As I write this I am in between the reading of two books. I’ve just finished How to be Black by Baratunde Thurston. (Whose inside jacket flap defiantly declares, “If you don’t buy this book you’re a racist!”) I’m following that up by reading Who’s Afraidof Post-Blackness: what it means to beblack now by Touré. Both of these books are giving me new insights into the richness of that “us-ness” that is part of the reality of being “one human family, on one fragile planet, in one miraculous universe, bound by love.” Both of these books are explorations of identity, travelogues on these authors’ journeys into being who they are. The scenery along the way is both different than anything I’ve ever experienced and ever so familiar. One human family, indeed.
One (of the many) thing(s) that stand out for me in both books is the intentionality of the question – what does it mean to be Black? There is a powerful moment in the extraordinary documentary The Color of Fear in which one of the African American participants asks one of the European American participants why it doesn’t freak him out that he’s never even thought about what it means to be white. (Not his exact words, but that was certainly the thrust of it.) It becomes clear that this is one of the differences between these two experiences – whites don’t have to think about their “whiteness” because it is held to be normalized; Blacks, on the other hand, have their blackness thrust in their face every single day. They have to think about it. And this turns out to be a positive.

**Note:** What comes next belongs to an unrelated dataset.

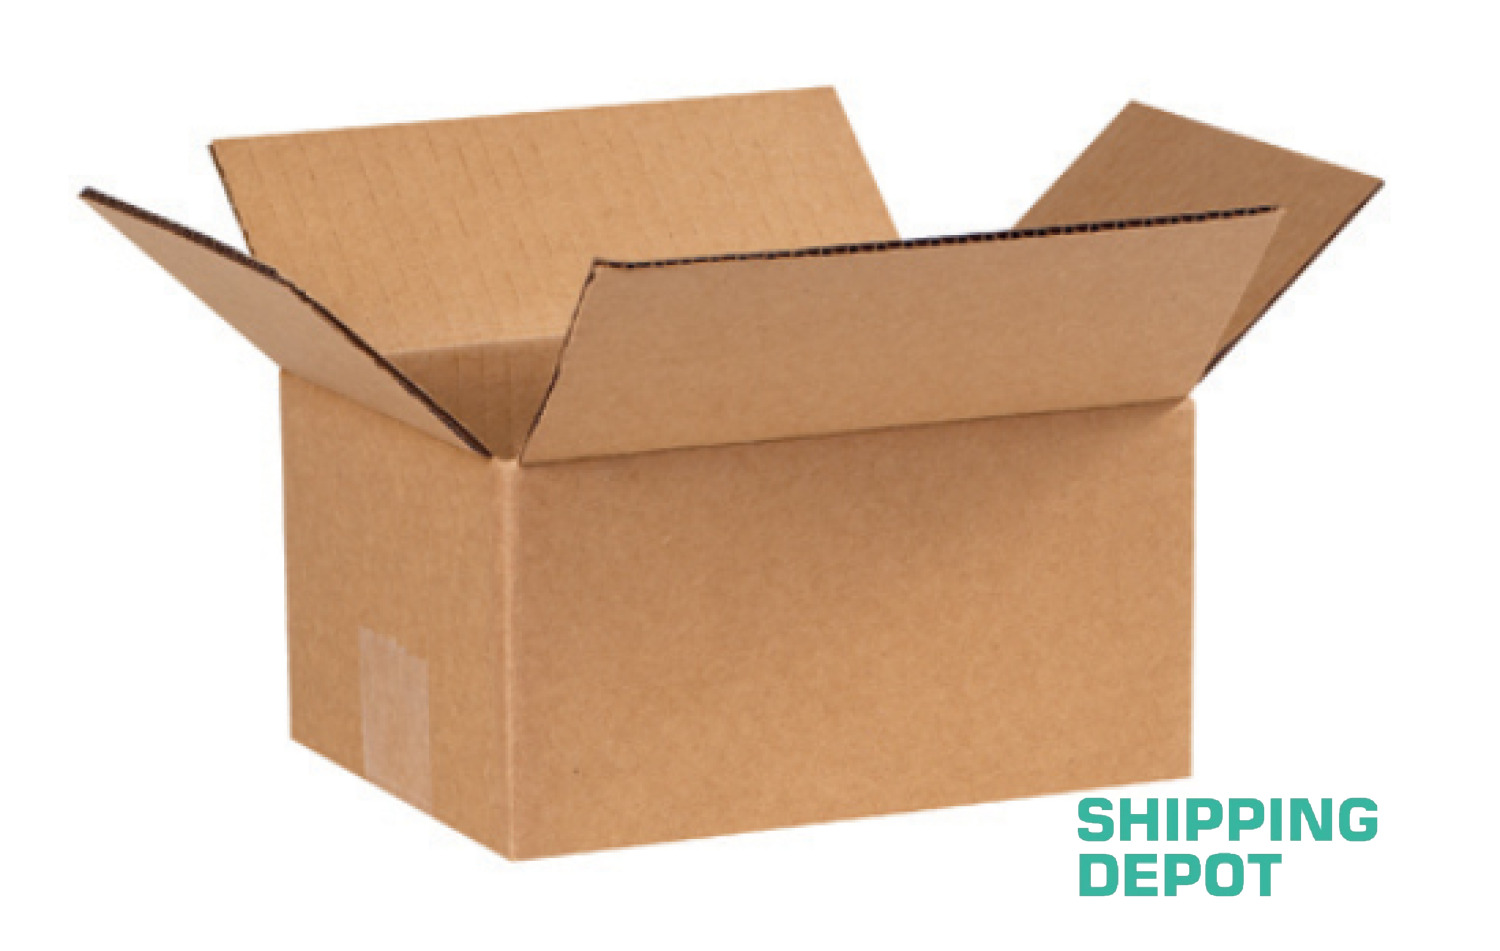 Shipping Boxes ~ Many Sizes Available Mailing Moving Packing Storage Small Big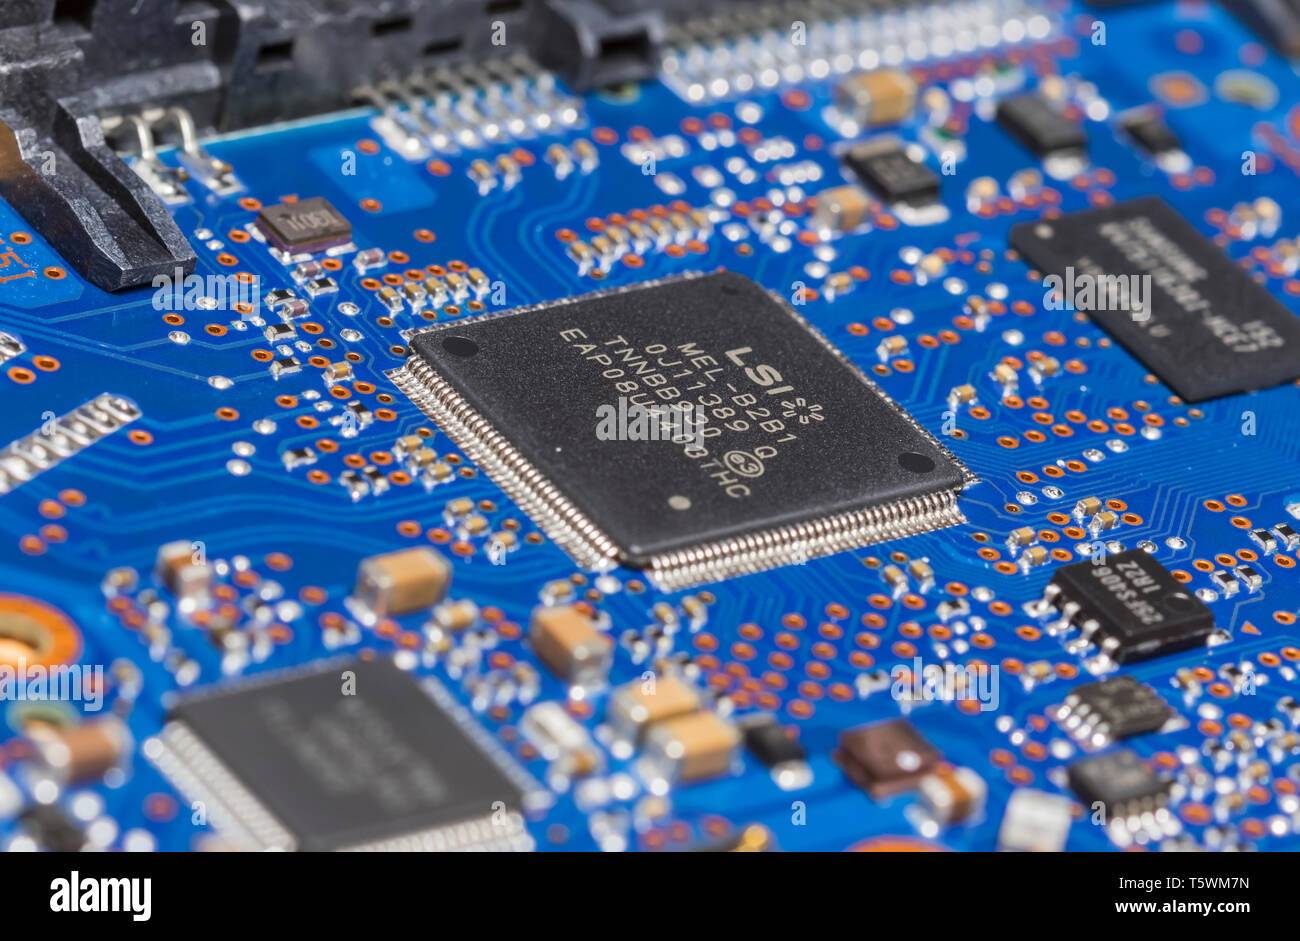 Macro of Integrated circuits and other surface mount (SMT) components mounted on a PCB (Printed Circuit Board). Stock Photo

Above the entrance to the famous Oracle of Delphi in Greece were carved the words, “Know Thyself.” This is not always an easy thing, to be intentionally, consciously exploring our own identity. Yet this is, of course, one of the purposes of the religious endeavor – to ask ourselves what it is we believe about ourselves, about one another, about the world and the universe around us. Then we can look at how we live in the world – how we behave, what we do – and see how that aligns with who we have learned we are. Sometimes this calls for a change in behavior; sometimes it calls for a revision of our self-understanding. Always the process continues – reflection/action, reflection/action . . .
This is important for congregations, too. Who is Thomas Jefferson Memorial Church? What does it mean to be a Unitarian Universalist congregation? What does it mean to be this UU congregation in this place at this time? And from this, of course, then action/reflection, action/reflection . . .
For now, I toss out the questions. As we continue “cultivating connections,” let’s see where those connections lead us.